Brief:
Please return every line of the material verbatim and skip any images.

[[ Information provided, beginning ]]

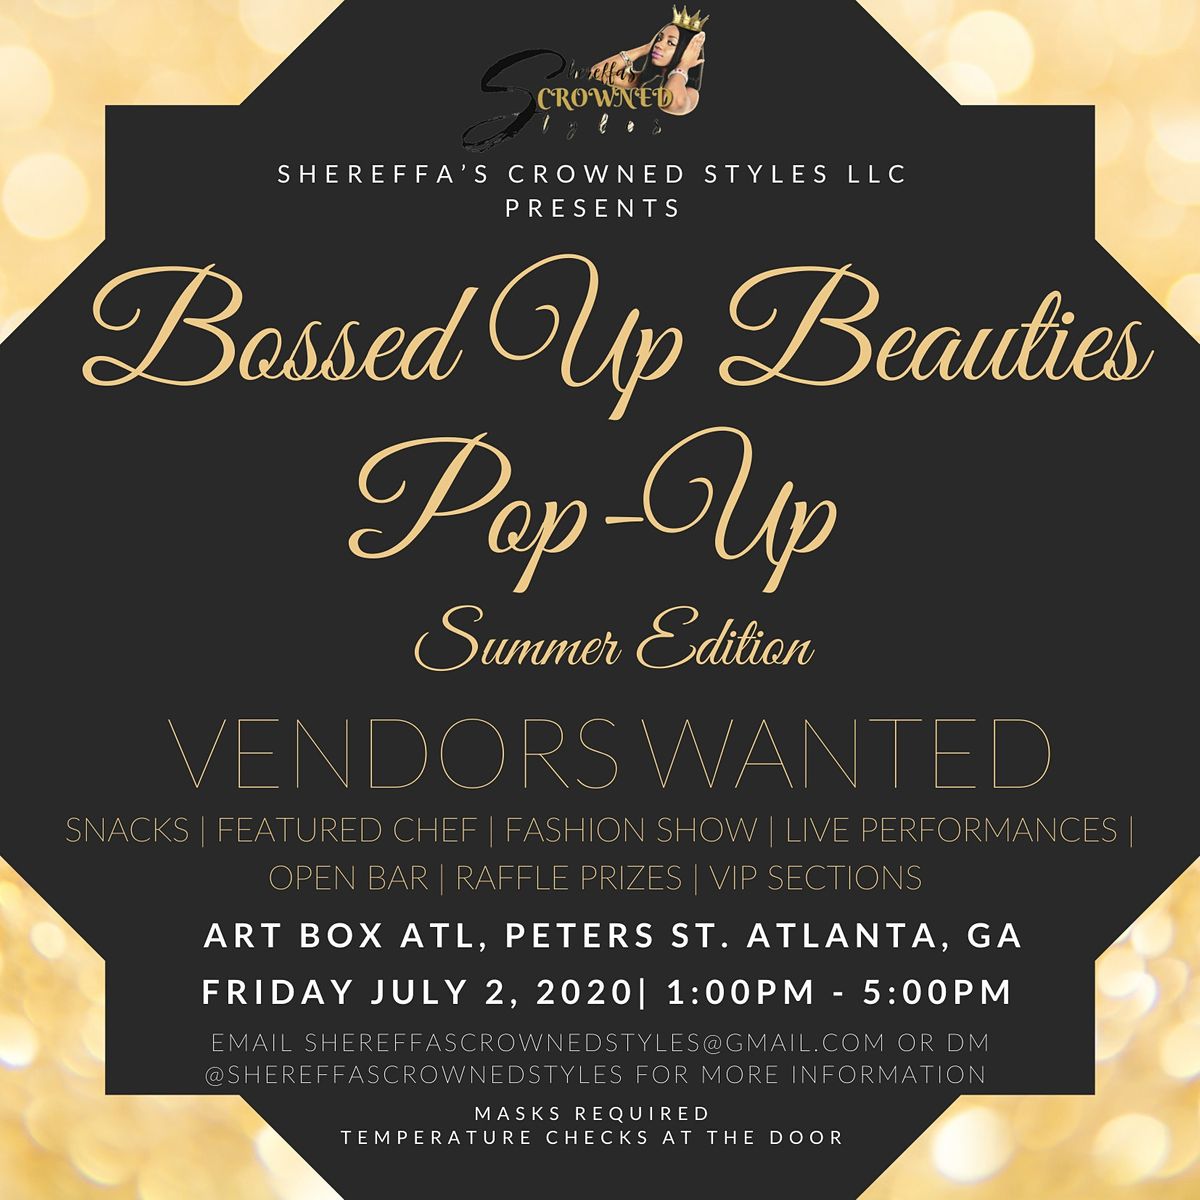 Bossed Up Beauties Pop-Up Shop Summer Edition VENDORS WANTED!
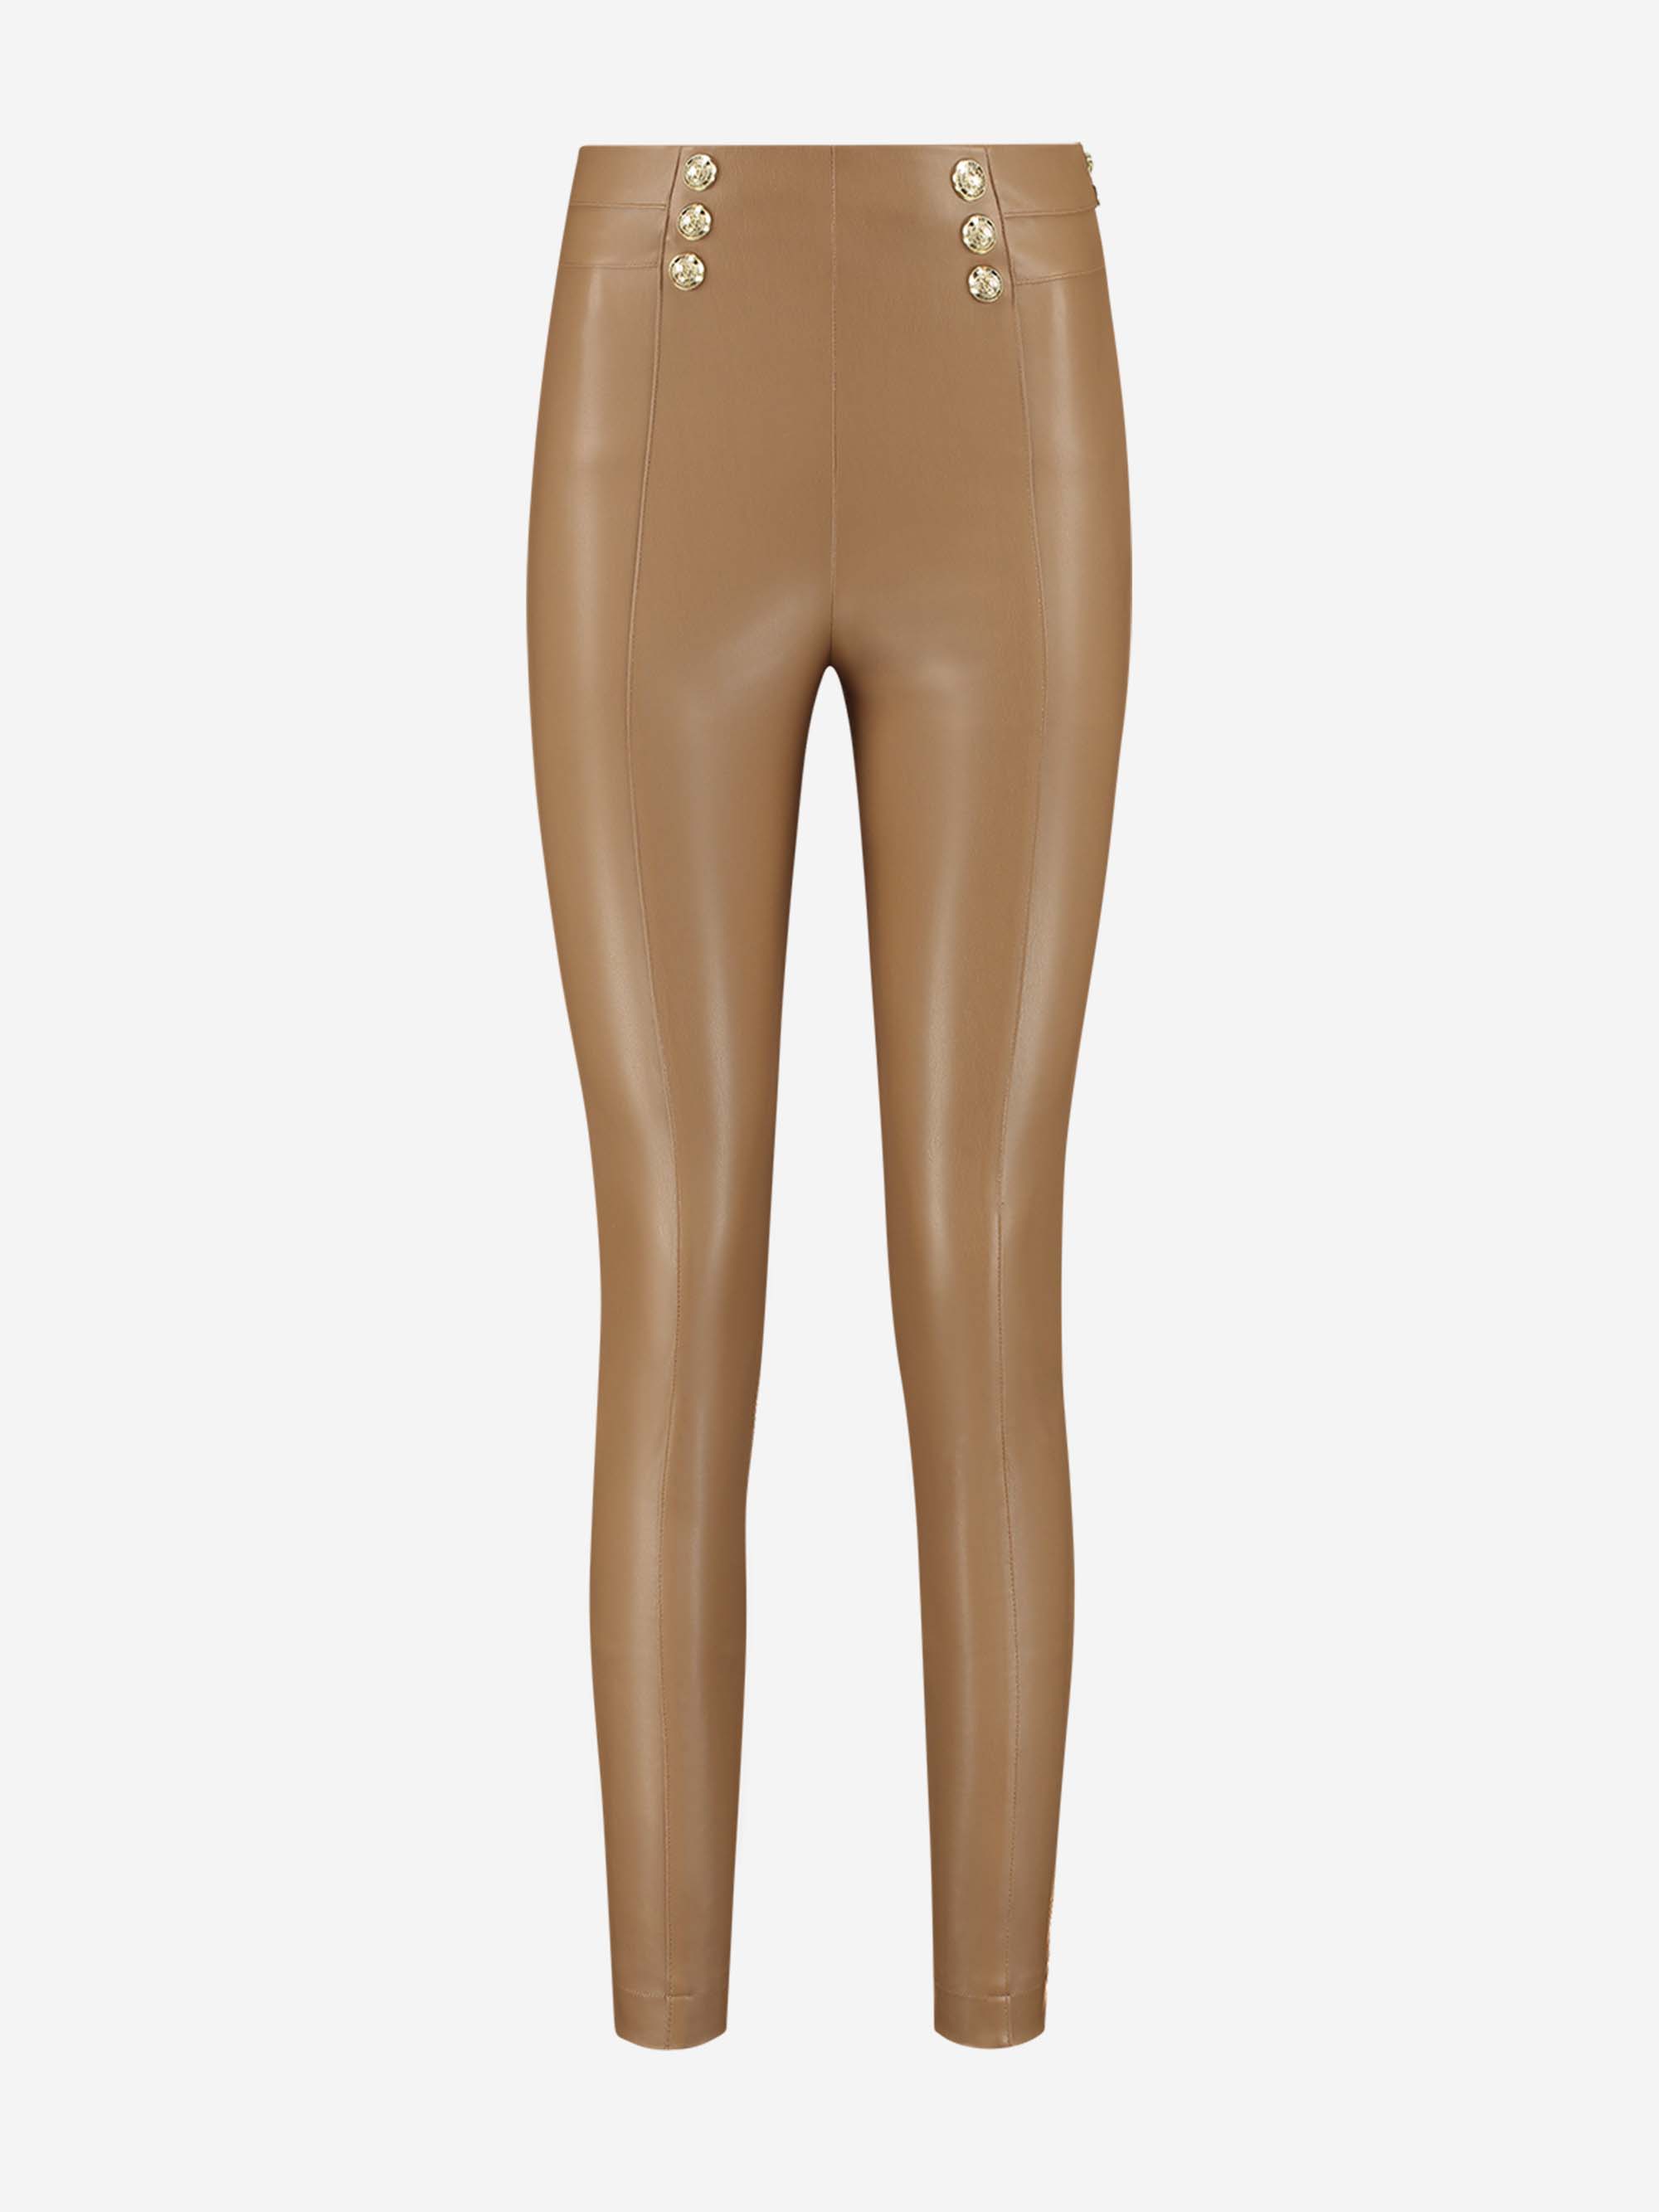 Vegan leather skinny pants with high rise
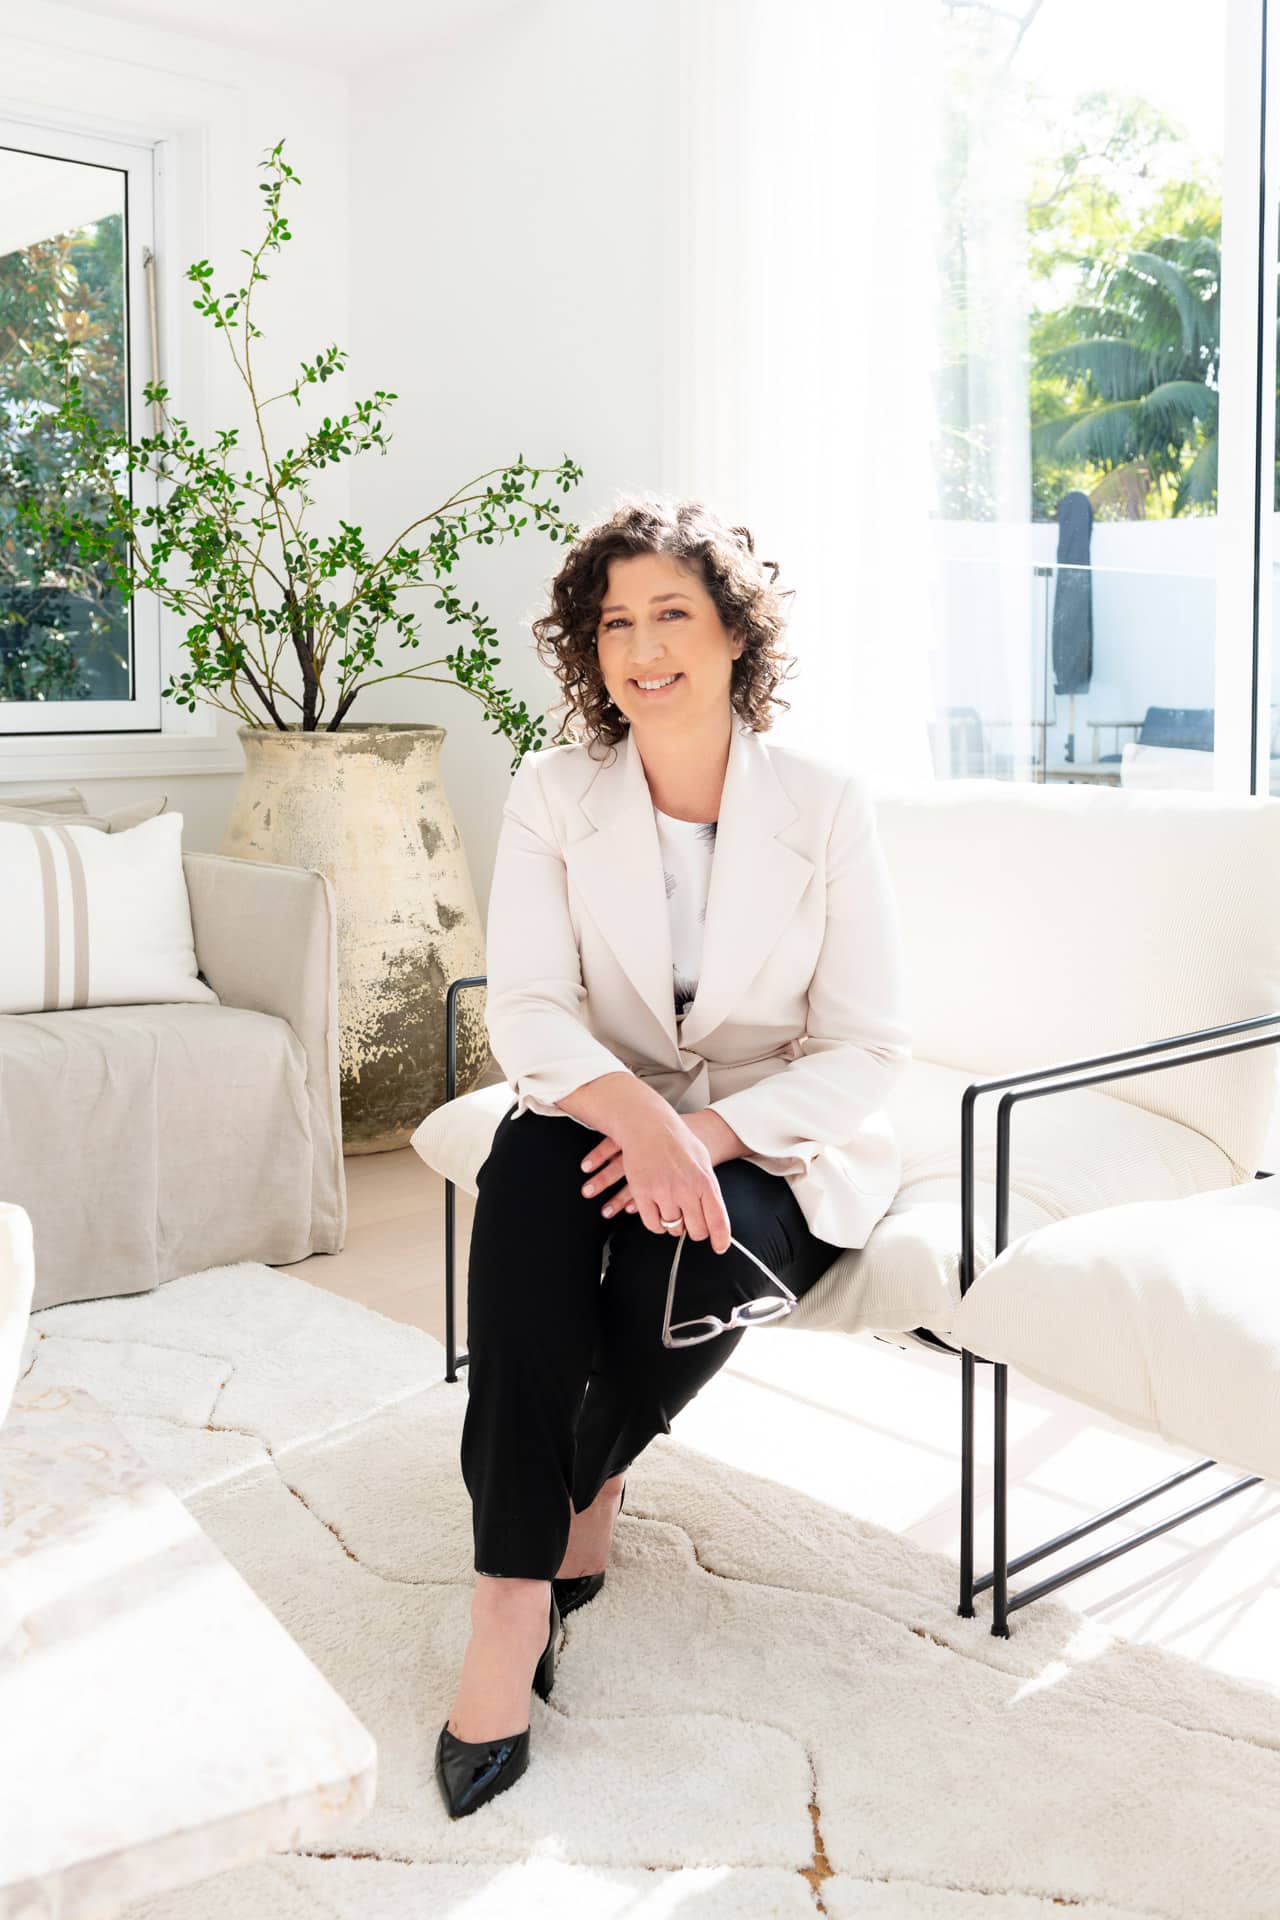 Marnie Cooper sits on an off-white sofa in a sunlit room in Sydney, holding her glasses. She wears a light blazer and dark pants, with a large plant in the background—a tranquil setting perfect for meditation.

[[ Information provided, end ]]

Answer area:
 Bossed Up Beauties Pop-Up Shop Summer Edition VENDORS WANTED!
 Vegan leather skinny pants with high rise
 Marnie Cooper sits on an off-white sofa in a sunlit room in Sydney, holding her glasses. She wears a light blazer and dark pants, with a large plant in the background—a tranquil setting perfect for meditation.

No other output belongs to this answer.